See also per Deane J at 382; see also Australian Iron and Steel v Banovic [1989] HCA 56; (1989) 168 CLR 165 at 176-7.

The effect of an impugned practice, not the underlying intent, is the governing factor in determining whether the practice gave rise to discrimination. Intent to discriminate is not a necessary element of discrimination (O'Malley v Simpson-Sears Ltd 1985 CanLII 18 (SCC); (1985) 2 SCR 536).

The task is to determine whether the "true" basis of the employer's conduct is or was grounded on the proscribed consideration; that is, for example, the disability, race or sex. of the person aggrieved (Australian Iron and Steel Pty Ltd v Banovic supra per Deane J and Gaudron J at 177; see also Birmingham City Council; Ex parte Equal Opportunities Commission [1989] AC 1155; James v Eastleigh Borough Council [1990] UKHL 6; [1990] 2 AC 751).

On the face of section 5(1) of the Act, a discriminatory act is done "on the ground of" a disability of the aggrieved person if because of the aggrieved person's disability the discriminator treats or proposes to treat the aggrieved person less favourably than etc. Thus, the phrase "on the ground of" receives a causative construction.

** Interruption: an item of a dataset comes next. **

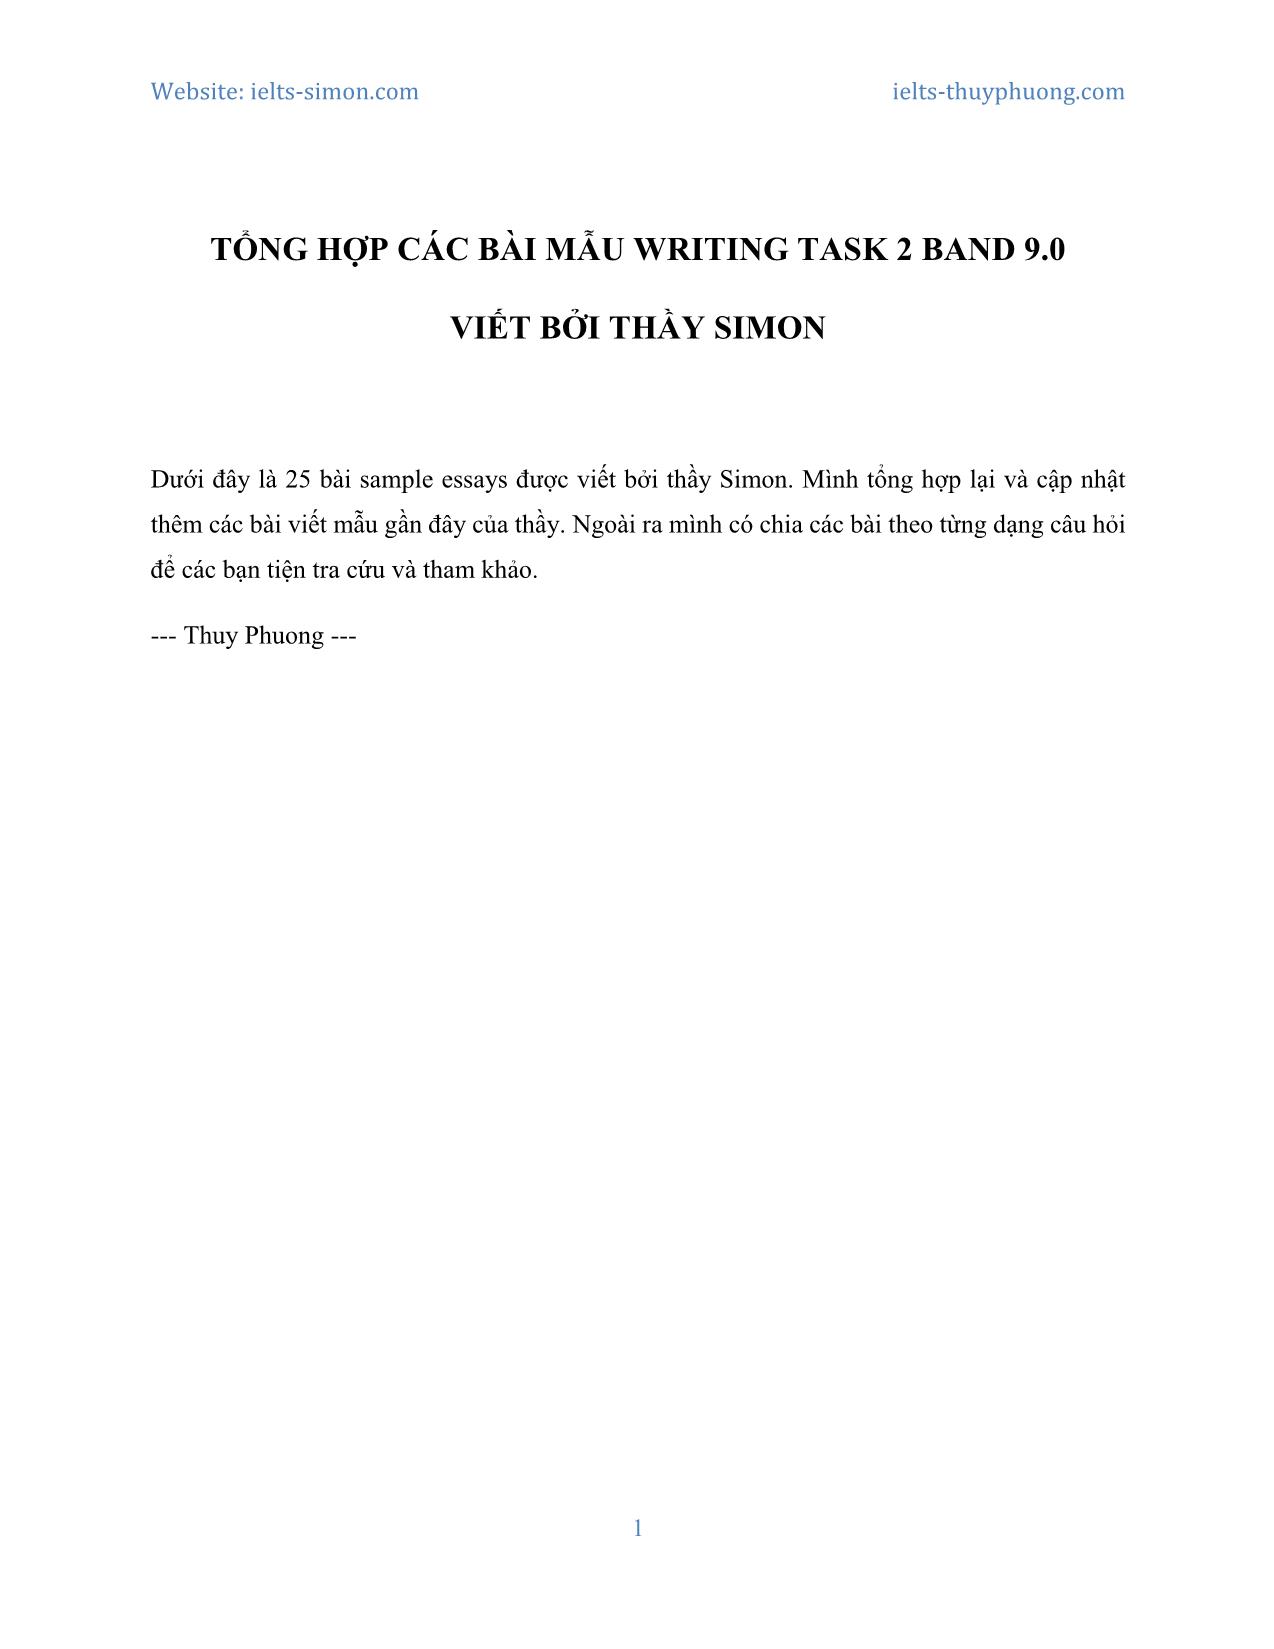 Tổng hợp các bài mẫu writing task 2 band 9.0 trang 1
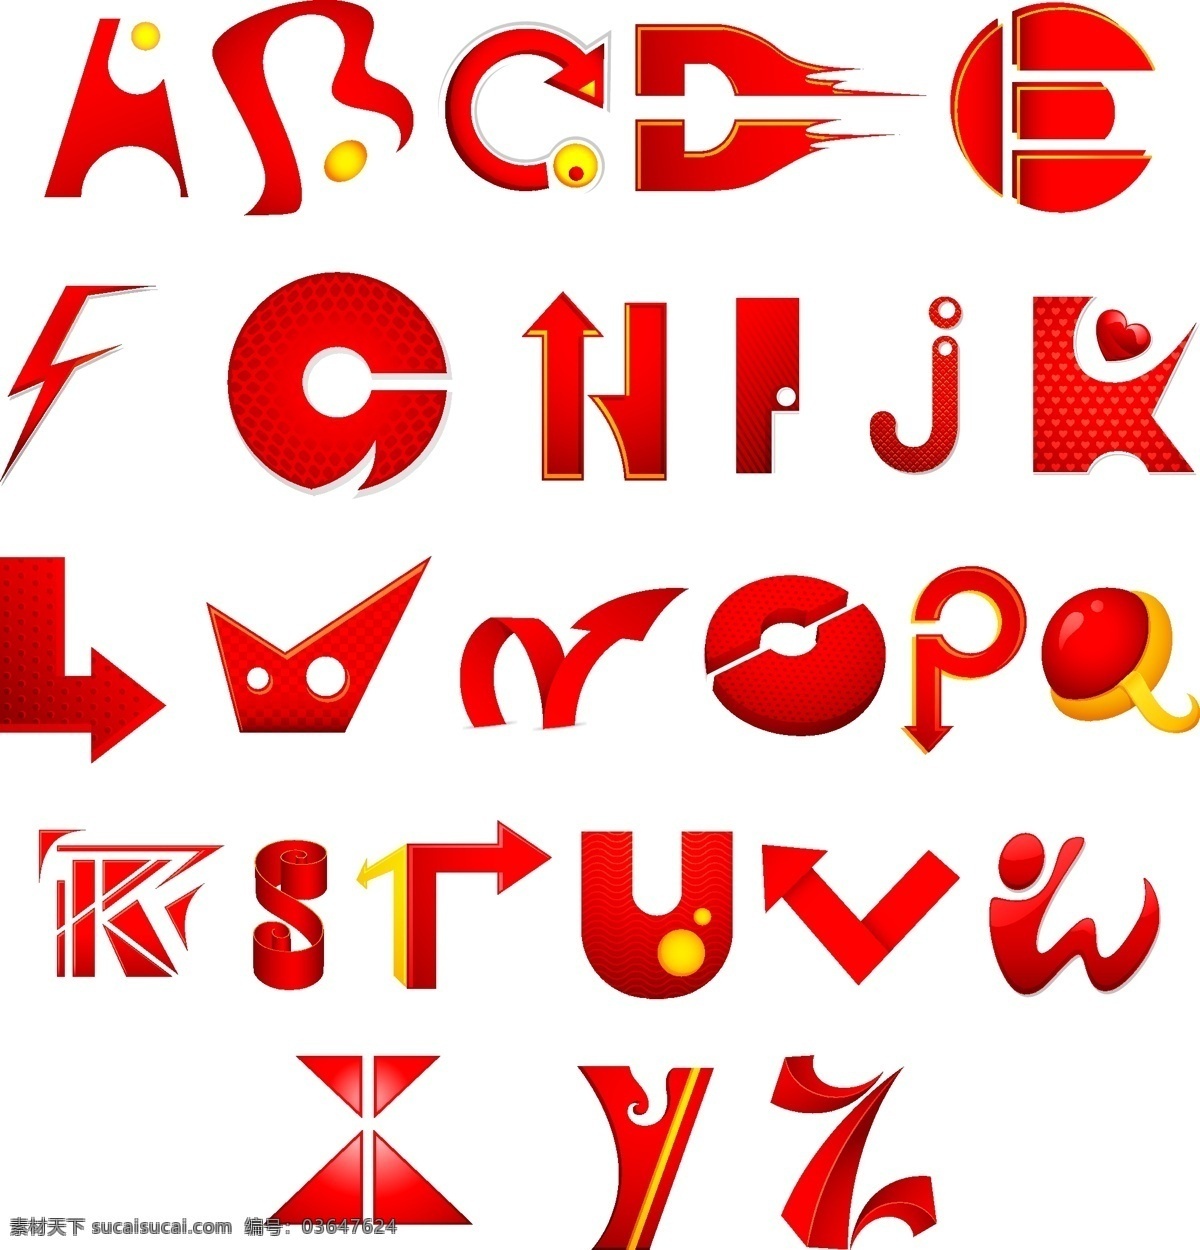 变形字母 创意字母 矢量 立体字母 拼音 时尚字母 艺术字母 英文 创意 字母 模板下载 英文字体 英文艺术字 拼音字母 字母设计 梦幻字母 潮流字母 设计字母 字母主题 矢量图

The test to be applied is objective, in the sense that it is necessary to show no more than that, because of the aggrieved person's disability, she received the less favourable treatment referred to later in the sub-section (see also Commonwealth of Australia v Humphries and others, unreported, Federal CourtKiefel J, 25 August 1998 at 13).

6.7 Section 6 of the Act

It is not necessary to analyse this section. The only use the complainant seeks to make of it is in respect of her claim in relation to the fire drill. The Commission does not accept the complainant's argument that her claim concerning the fire drill can be brought under section 6. The Commission accepts the respondent's argument to the effect that the evidence in this case does not disclose any case falling within section 6.

The arguments for the complainant in favour of applying section 6 allege that there was a requirement or condition imposed that all employees follow the fire drill. The argument then asserts that the requirement or the condition was one:

with which a substantially higher proportion of persons without the disability comply or are able to comply - "in safety" (understood). True it is that Ms Garity did in fact comply with the requirement. But she did so at great cost to herself as a consequence of her disability. That great cost is one which would not have been suffered by a person without the disability.

This argument can be answered very briefly. The complainant was able to comply. There is excellent evidence to support that view. She did comply. Compliance "at great cost" remains compliance. Section 6 deals with a different kind of case. That is, a case where a condition neutral on its face is shown by analysis to have a disparate impact. There is no disparate impact in this instance; all could comply and all did.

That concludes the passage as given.